# Connect to Nucleome Browser inside Jupyter notebook

One of the key novel features of Nucleome Browser is a generic [*event-driven communication*](https://nb-docs.readthedocs.io/en/latest/index.html) mechanism. It allows Nucleome Browser to not only send and receive messages across panels in the Nucleome Browser but also communicate with external data portals via the Nucleome Bridge extension. This demo shows you how to use JavaScript inside jupyter notebook and connect your local Jupyter notebook to the [Nucleome Browser](http://vis.nucleome.org) using the Chrome extension **Nucleome Bridge**. 

## 1 Install Nucleome Bridge

First, add [Nucleome Bridge](https://chrome.google.com/webstore/detail/nucleome-bridge/djcdicpaejhpgncicoglfckiappkoeof) extension to your Chrome, Firefox web browser or any [Chromium-based](https://en.wikipedia.org/wiki/Chromium_(web_browser)) web browsers.

## 2 The demo of interactive data visualization inside Jupyter notebook using Nucleome Browser

This section shows a demo of connecting Nucleome Browser and Jupyter notebook via the nb-dispatch and Nucleome Bridge web browser extension. Here, we will use the TSA-seq data from Yu et al. 2018 (https://rupress.org/jcb/article/217/11/4025/120670/Mapping-3D-genome-organization-relative-to-nuclear) as a case study. TSA-seq is a genomic technique that can convert the cytological distance of chromatin to nuclear bodies (such as nuclear speckles) into digital readout that can be shown on the genome browser. In this paper, the authors found a striking lamina-speckles axis of chromatin by measuring the estimated average distance (called TSA-seq score in the genome readout) of chromatin to nuclear speckles/lamina from a population of K562 cells. They further divided the human genome into ten equaled-size groups (a.k.a, TSA-seq decile). Decile 10 regions are closest to nuclear speckles while Decile 1 regions are furthest from nuclear speckles. 
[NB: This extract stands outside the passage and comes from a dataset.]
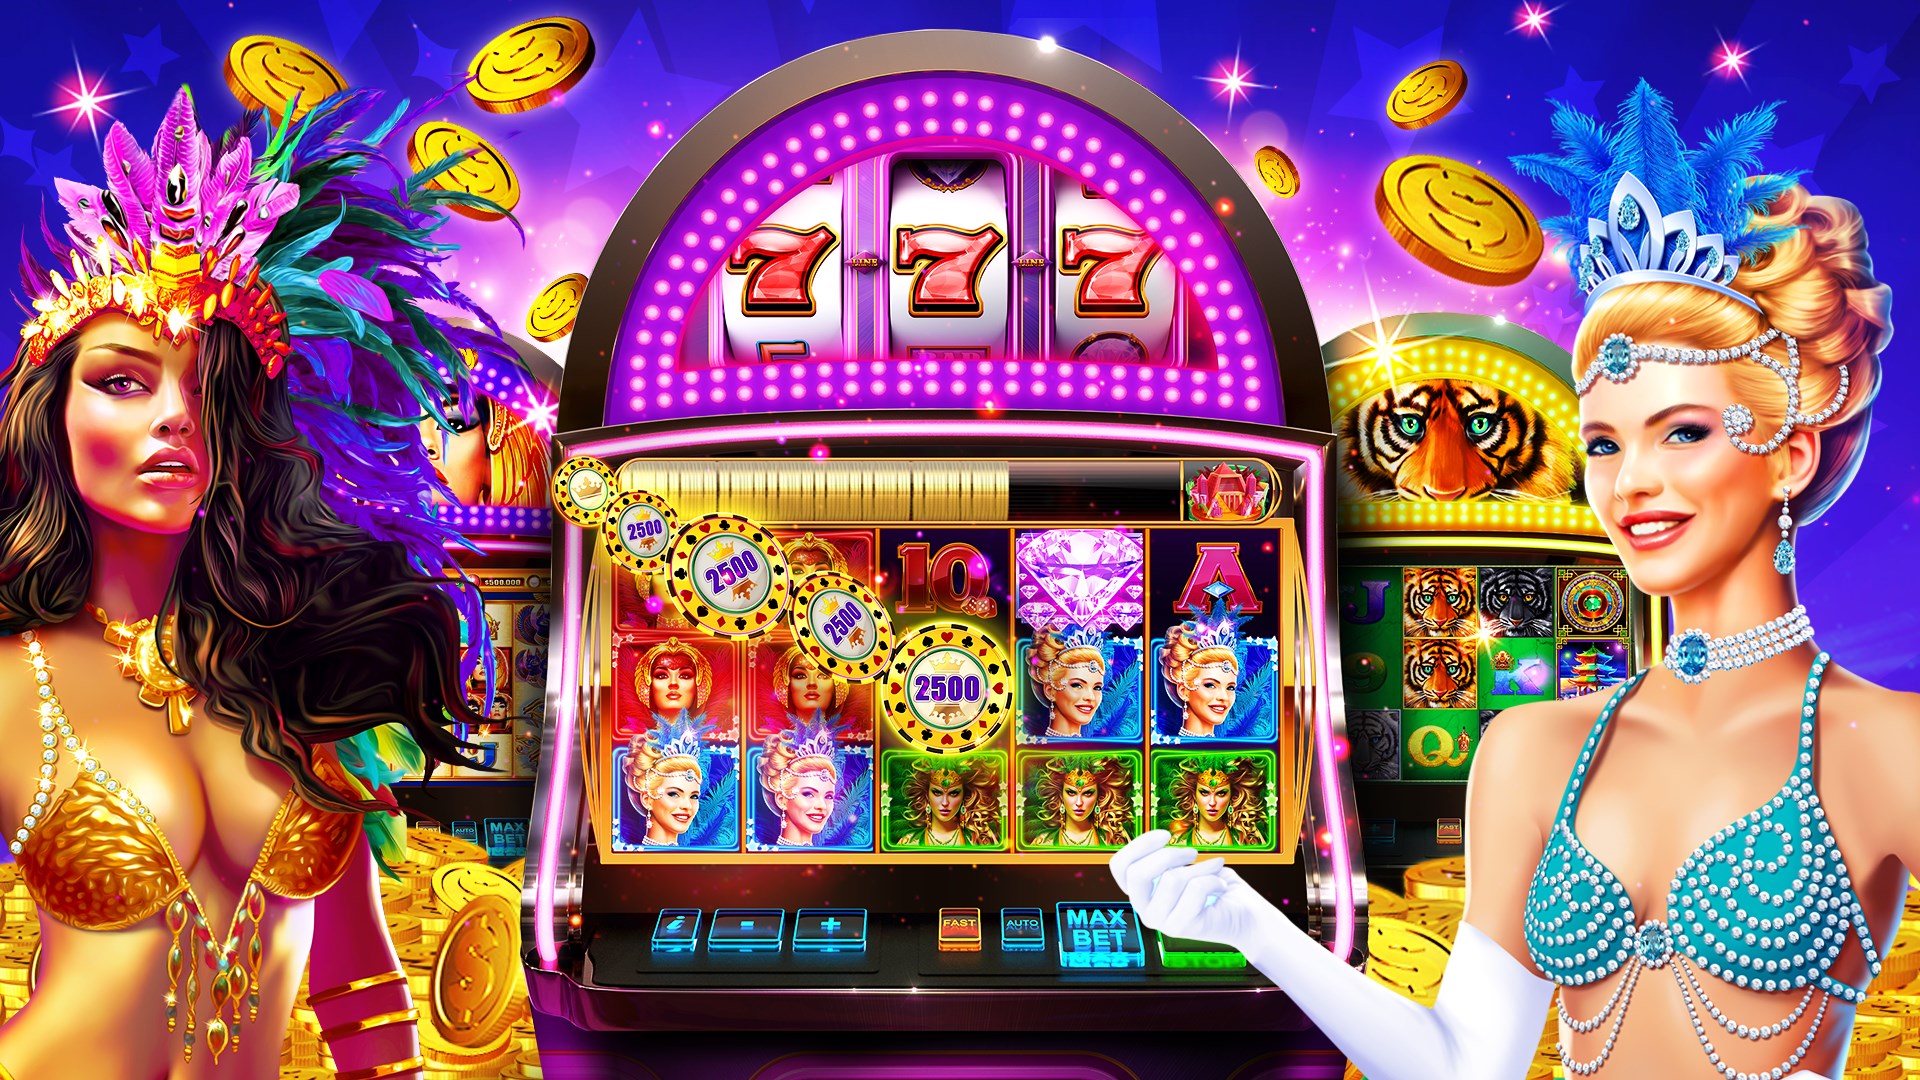 Eye of Horus Slot Review - Play Demo Game for Free Online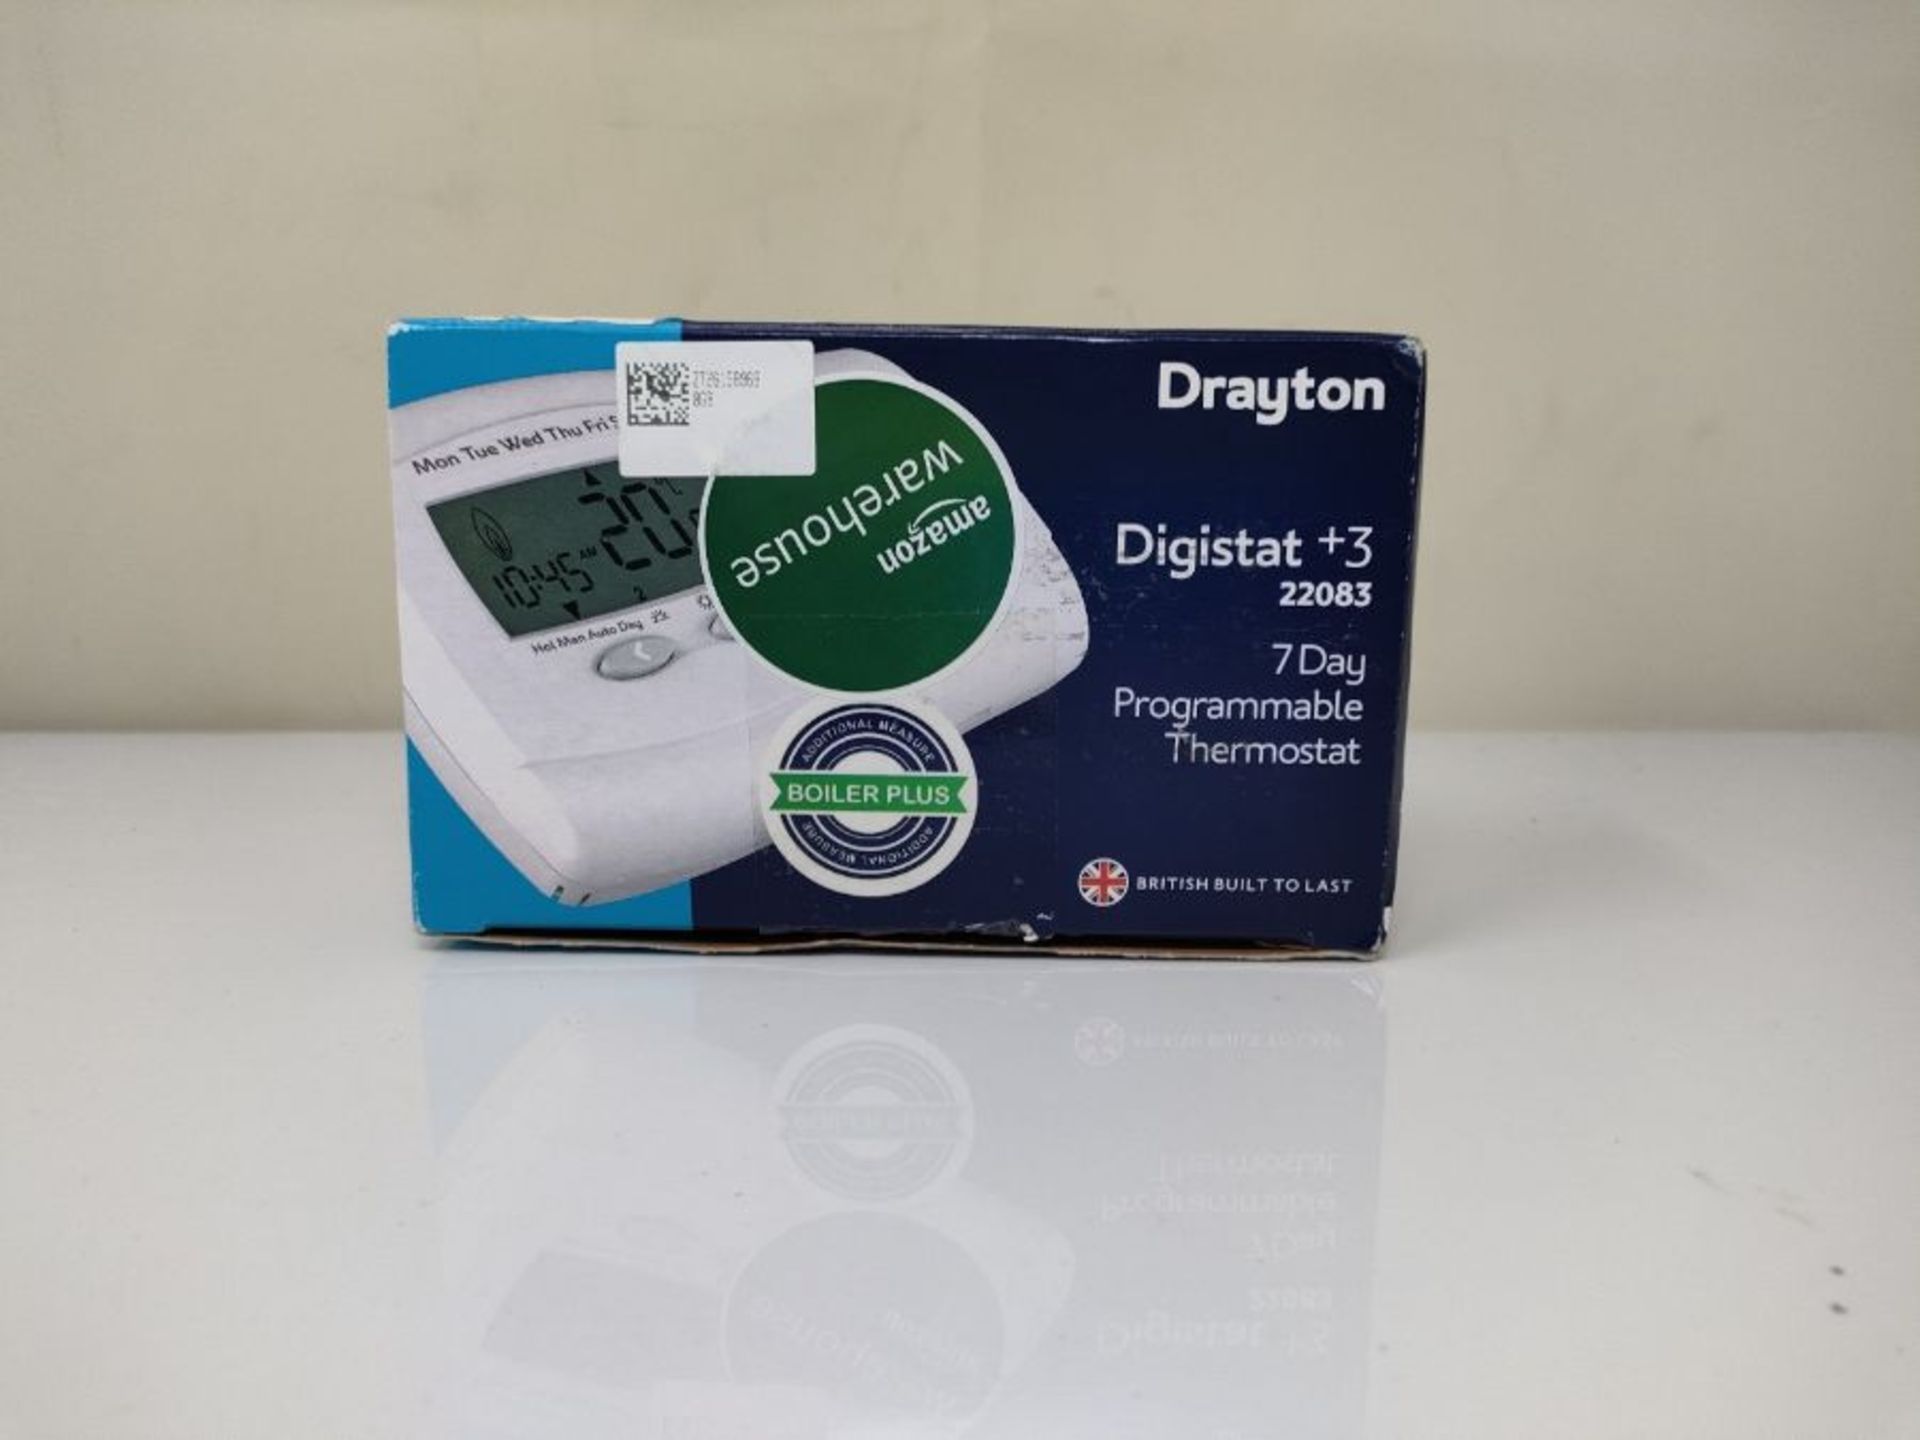 Drayton DIGISTAT +3 22083 7 Day PROGRAMMABLE Room Thermostat - Image 2 of 3

In the paper, the authors found a strong correlation between TSA-seq deciles and functional genomic data. Here, we will try to re-analyze the data and verify some important findings in the paper. For example, we will explore the relationship between TSA-seq scores with laminB DamID and replication timing. To make this demo run quickly in the Binder platform, we have pre-processed the data by restricting our analysis in chromosome 2.

### 2.1 Process laminB DamID and replication-timing data

We first load bigWig files into a python object using the pyBigWig package. The K562 laminB DamID (array-based) data is downloaded from the UCSC genome browser (http://hgdownload.cse.ucsc.edu/goldenPath/hg19/database/laminB1.txt.gz). We have already converted it into bigwig format and only kept the signal in chromosome 2. 

The K562 replication-timing data is downloaded from the UCSC genome browser http://hgdownload.cse.ucsc.edu/goldenpath/hg19/encodeDCC/wgEncodeUwRepliSeq/wgEncodeUwRepliSeqK562WaveSignalRep1.bigWig. Similarly, we have already processed the original data and only kept the signal in chromosome 2.

In [1]:
# Load libary
import numpy as np
import math
import pandas as pd
import pyBigWig

# Load the laminB DamID data
bw_laminB = pyBigWig.open("data/LaminB_DamID_hg19_signal.chr2.bw")

# Load the replication-timing data
bw_repliseq = pyBigWig.open("data/wgEncodeUwRepliSeqK562WaveSignalRep1.chr2.bw")

We then cut the chromosome 2 into non-overlapping 20kb bins and calcualte the average genomic signal over each bin. To save computation time, here we only do calculation for the first 100M on chromosome2. 


In [2]:
# For this demo, we only use data on chromosome 2
chrom_name = 'chr2'
chrom_start = 0
#chrom_end = 243199373 # this is the total length of the chromosome 2
chrom_end = 100000000
bin_res = 20000

def extract_ave_signal_over_bin(bw, chrom, start, end, bin_size):
    array = []
    for idx in range(math.floor(start/bin_size), math.floor(end/bin_size)):
        query_start = idx*bin_size
        query_end = query_start + bin_size
        ave_signal = bw.values(chrom, query_start, min(query_end, end))
        if len(ave_signal) == 0 or ave_signal is None:
            array.apapend(0.0)
        else:
            array.append(np.nanmean(ave_signal))
    return array

# Calculate the average signal of chromosome 2 at 20kb resolution
signal_laminB = extract_ave_signal_over_bin(bw_laminB, chrom_name, chrom_start, chrom_end, bin_res)
signal_repliseq = extract_ave_signal_over_bin(bw_repliseq, chrom_name, chrom_start, chrom_end, bin_res)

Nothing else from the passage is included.